Friday, May 29, 2015

Solar Inefficiency Is Economically Ruinous

In a previous post we pointed out that alternative energies (solar, wind, ethanol and other biofuels) bump up against implacable physical realities which no amount of government spending or research can overcome, and which are environmentally destructive despite propaganda to the contrary. Ethanol in gasoline, for example, according to EPA's own data, increases key pollutants such as volatile organic compounds and nitrogen oxide by as much as 7 percent. Yet it was on the basis of phony scientific claims that ethanol would reduce pollution from automobile emissions that it use was mandated by the government.

Biofuels have a power density of only 0.3 watts per square meter, and modern solar voltaic panels about 6 watts per square meter. An average oil well producing 10 barrels per day is at 27 watts per square meter, and an average nuclear plant more than 50 watts per square meter. Biofuels used 247 million acres of land—that's more than twice the size of California—to produce less than one-half of one percent of the world's energy, according to Robert Bryce, a senior fellow at the Manhattan Institute, in 2014.

Now I have come across a book that really drives home how impractical it is to talk about replacing fossil fuels, which comprise 87 percent of the world's energy, with any meaningful amount of these alternative sources. The book is Green Illusions: The Dirty Secrets of Clean Energy and the Future of Environmentalism. Significantly, it is not from the fossil fuels industry or based on its data or research. Rather, author Ozzie Zehner assembles his case “from government offices, environmentalists, and scientists promoting solar photo-voltaics.” References for the quotations below can be found in the abundant footnotes in his book.

Zehner calculates what it would cost to replace the world's use of fossil fuels with solar power using today's technology. He writes:

By comparing global energy consumption with the most rosy photo-voltaic cost estimates, courtesy of the solar proponents themselves, [emphasis added] we can roughly sketch a total expense. The solar cells would cost about $59 trillion; the mining, processing and manufacturing facilities to build them would cost about $44 trillion; and the batteries to store power for evening use would cost $20 trillion; bringing the total to about $123 trillion plus about $694 billion per year for maintenance.

For comparison, GDP (gross domestic product) of the entire world is now $74 trillion, and U.S. GDP is $17 trillion. This includes all food, rent, industrial investments, government expenditures, military purchases, exports, etc. “This means,” writes Zehner,

that if every American were to go without food, shelter, protection, and everything else while working hard every day naked, we just might be able to build a photo-voltaic array to power the planet in about a decade. But, unfortunately, these estimations are optimistic.

If actual installed costs for solar projects in California are any guide, a global solar program would cost roughly $1.4 quadrillion....Mining, smelting, processing, shipping and fabricating and their associated hardware would yield about 149,100 megatons of carbon dioxide. And everyone would have to move to the desert; otherwise transmission losses would make the plan unworkable.

The cost of solar cells has dropped markedly, but Zehner says the panels

account for less that half the cost of an installed solar system, according to the industry. Based on research by solar energy proponents and data from the California Energy Commission ...cheaper voltaics won't offset escalating expenditures for insurance, warranty expenses, materials, transportation, labor and other requirements. Low-tech costs are claiming a larger share of the high-tech solar system price tag.

Finally, unforeseen limitations are blind-siding the solar industry as it grows. Fire departments restrict solar roof installations, and homeowner associations complain about the ugly arrays. Adding to the burden, solar arrays now often require elaborate alarm systems and locking fasteners; without such protection, thieves regularly steal the valuable panels...For instance, California resident Glenda Hoffman woke up one morning to discover thieves stole sixteen solar panels from her roof as she slept. [Replacement cost $95,000, was paid by insurance.]

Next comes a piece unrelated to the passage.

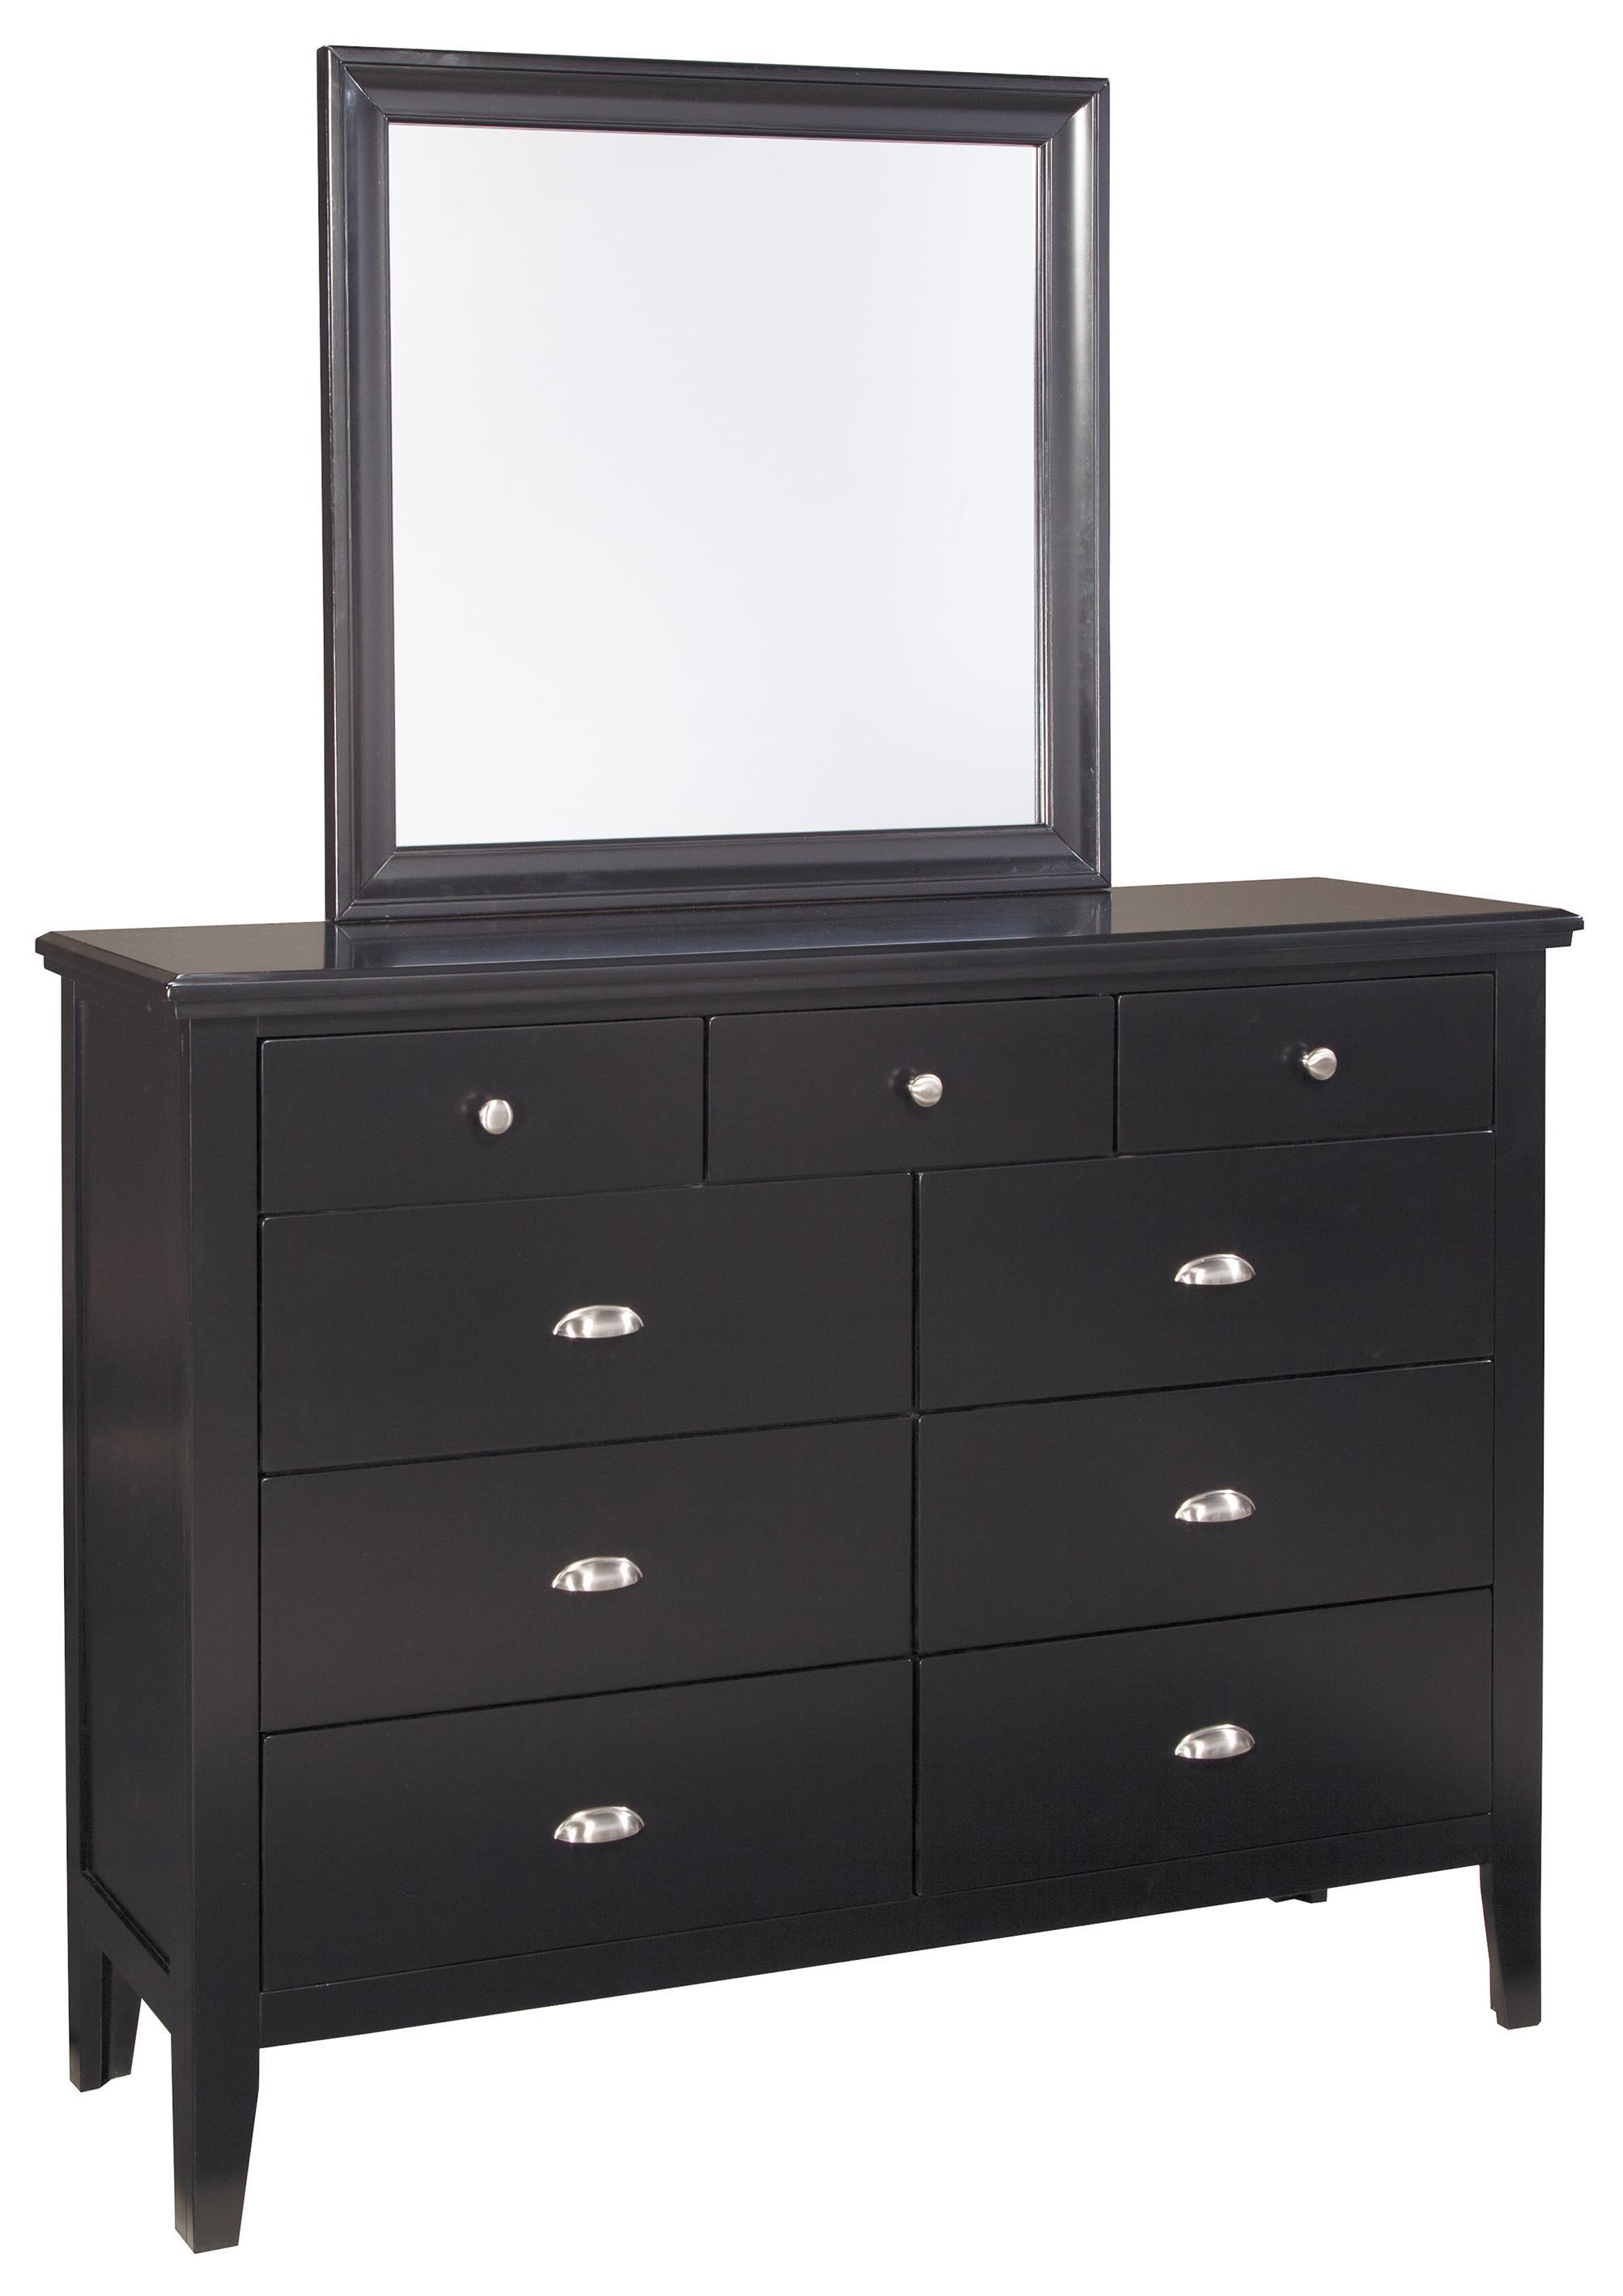 Signature Design by Ashley Braflin Dresser & Bedroom Mirror - Item Number: B591-31+36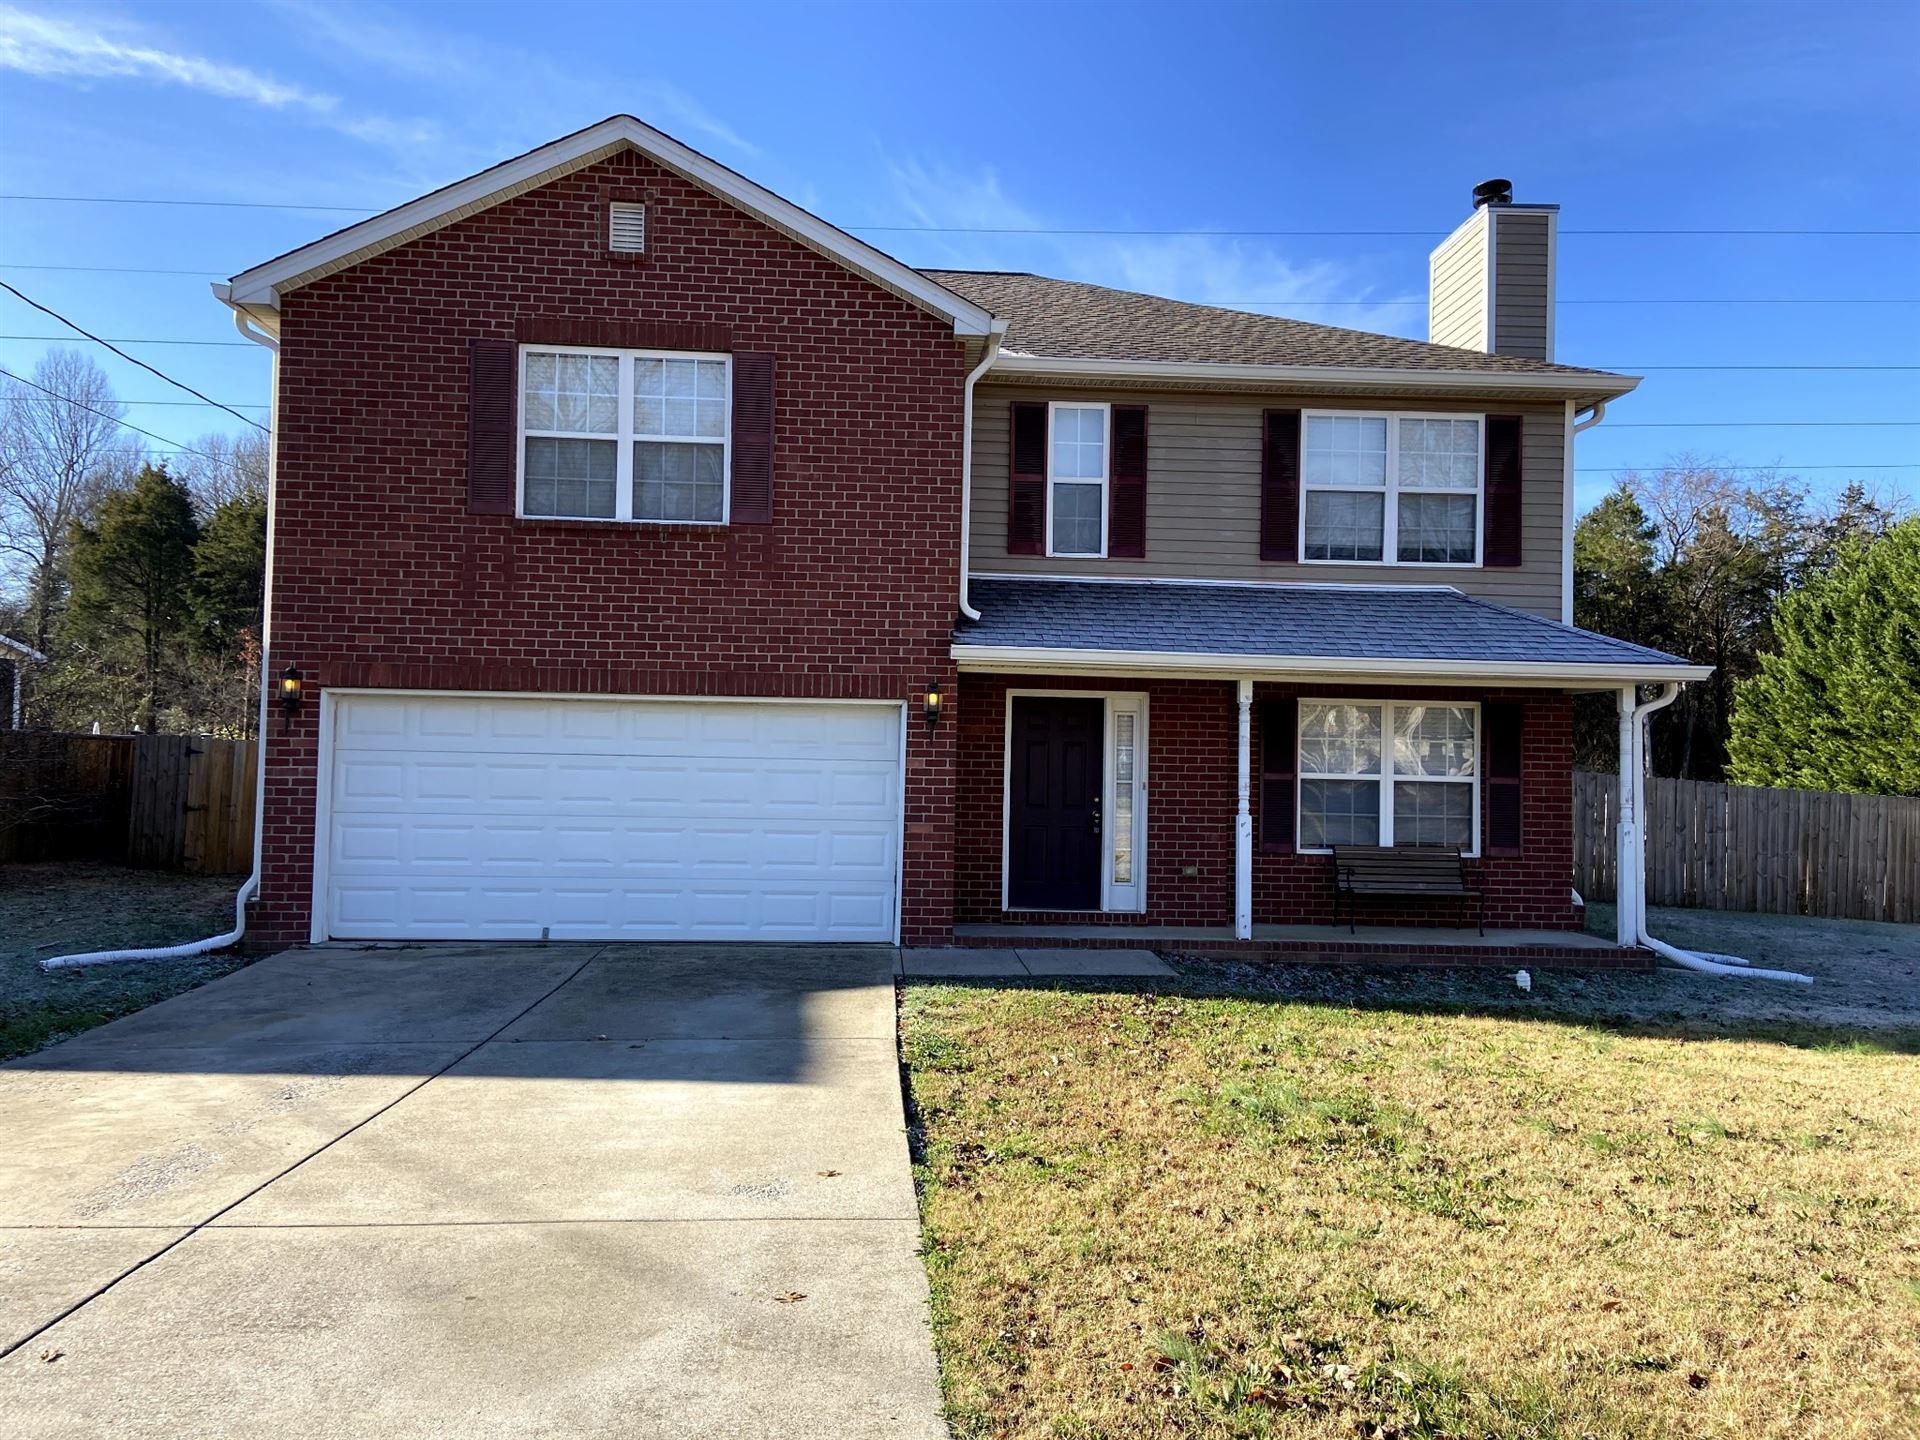 114 Arkansas Ct, Murfreesboro, TN 37129 - MLS#: 2210810

There is no reason to believe a smaller program or a graduated one would be any more workable than worldwide replacement of fossil fuels. The losses would be smaller but would still be outweighed by costs in proportion. The only “benefit” of a smaller scale might be to make it easier to hide the costs in a labyrinth of subsidies and budgetary gimmicks and push the cost onto future generations by adding it to the national debt.

It is worth noting, too, that the losses are not limited to the direct cost of the inefficiencies of solar energy. The financial increment consumed by overpaying for energy results in that increment being spent less optimally, too. For example, the argument is made that the solar industry creates jobs; however, those jobs will be in areas such as producing more solar panels for an artificially created demand for an uneconomic product, rather than for the needs of consumers which would be better met by jobs in other fields.

It also means that consumers who are forced to overpay for energy have less money available for other purchases.